Com poucas exceções, as principais invenções técnicas da primeira fase industrial não exigiam conhecimento científico muito avançado. A partir da metade do século os coisas se modificaram.
(P. 71) Laboratórios de pesquisa tornou-se parte integrante do desenvolvimento industrial. Na Europa ele permaneceu ligado a universidades ou instituições similares, mas nos EUA o laboratório puramente comercial já havia aparecido no limiar das companhias telegráficas. Uma conseqüência significativa dessa penetração da industria pela ciência era que, dali em diante, o sistema educacional tornara-se crucial para o desenvolvimento da industria. Daquele momento em diante, era quase impossível que um país que faltasse educação avançada viesse a se tornar uma economia moderna.
(P. 72) Novas matérias-primas, frequentemente encontráveis apenas fora da Europa, atingiram a partir daí uma significação que só viria a ser tornar evidente no período subseqüente ao imperialismo.
(P. 73) Desse modo, petróleo já havia atraído a atenção dos engenhosos ianques como combustível conveniente. O crescimento das importações de borracha pela Inglaterra era realmente notável. Em 1876 havia exatamente duzentos telefones trabalhando na Europa e 380 nos EUA, e, na Exposição Internacional de Viena, a operação de uma bomba d’agua movida a eletricidade ainda era uma grande novidade. Podemos observar que a ruptura estava bem próxima: O mundo estava prestes a entrar na era da luz e da energia elétrica, do aço e das ligas de aço, do telefone e do fonógrafo, das turbinas e dos motores de combustão interna. Mas tudo isso ainda não havia acontecido em meados de 1870.

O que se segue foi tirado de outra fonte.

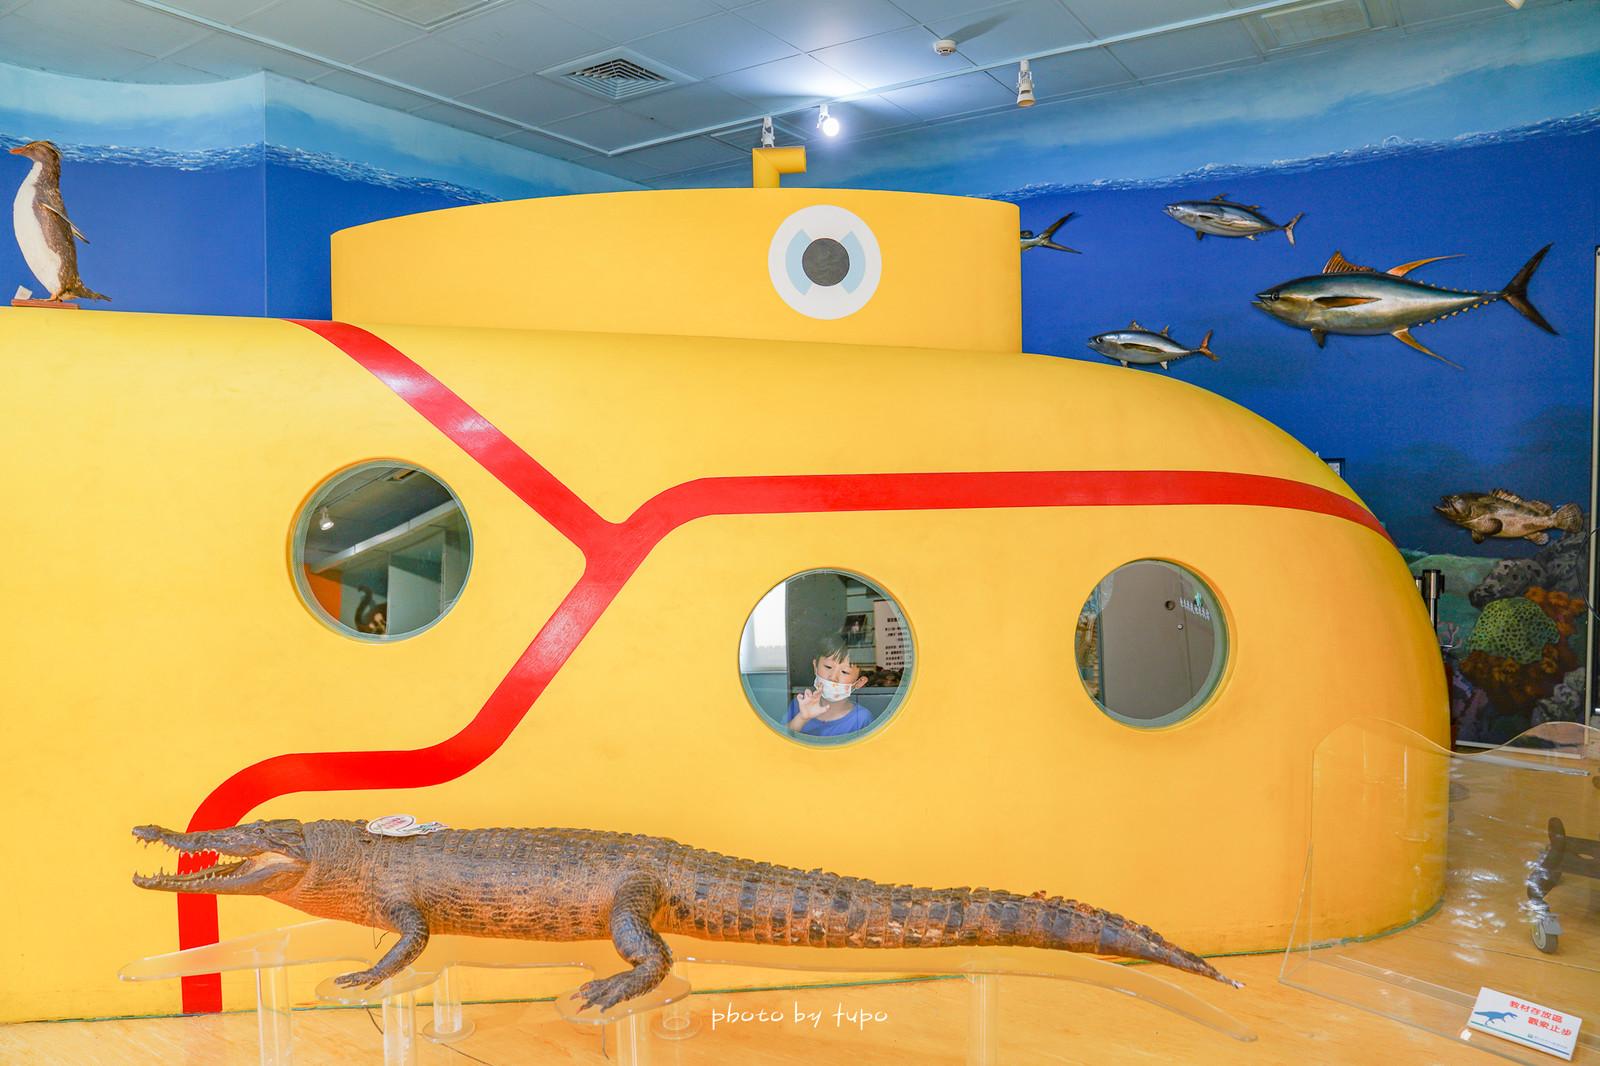 即時熱門文章:台中室內景點推薦》幼兒科學園,免門票!可愛潛水艇、積木遊戲區、多款益智玩具、適合三歲到八歲小朋友的秘密基地!

A maior inovação industrial, excetuando-se os campos científicos acima mencionados, foi provavelmente a produção em massa de maquinaria.
(P. 74) A maior parte do avanço na engenharia de produção de massa veio dos Estados Unidos. Tudo isso preocupava os europeus que já percebiam, por volta de 1860, a superioridade tecnológica norte americana na produção em massa.
IV.
(P. 75) Foi em 1860, depois da primeira dessa genuínas quedas mundiais, que os economistas acadêmicos, reconheceram a periodicidade desse “ciclo do comercio”até então considerado apenas por socialistas e outros heterodoxos.
(P. 76) Assim, por mais dramáticas que fossem essas interrupções na expansão, elas eram temporárias. Os historiadores tem duvidado da existência daquilo que vem sendo chamado “A Grande Depressão” de 1873 a 1896, que, evidentemente, não foi tão drástica quanto a de 1929 a 1934, quando a economia capitalista mundial quase parou. No entanto os contemporâneos não tinham duvida de que a grande expansão havia sido seguida de uma grande depressão.
(P. 77) Nessa época, o capitalismo industrial tornou-se uma genuína economia mundial e o globo estava transformado, dali em diante, de uma expressão geográfica em uma constante realidade operacional. A história, doravante, passava a ser história mundial.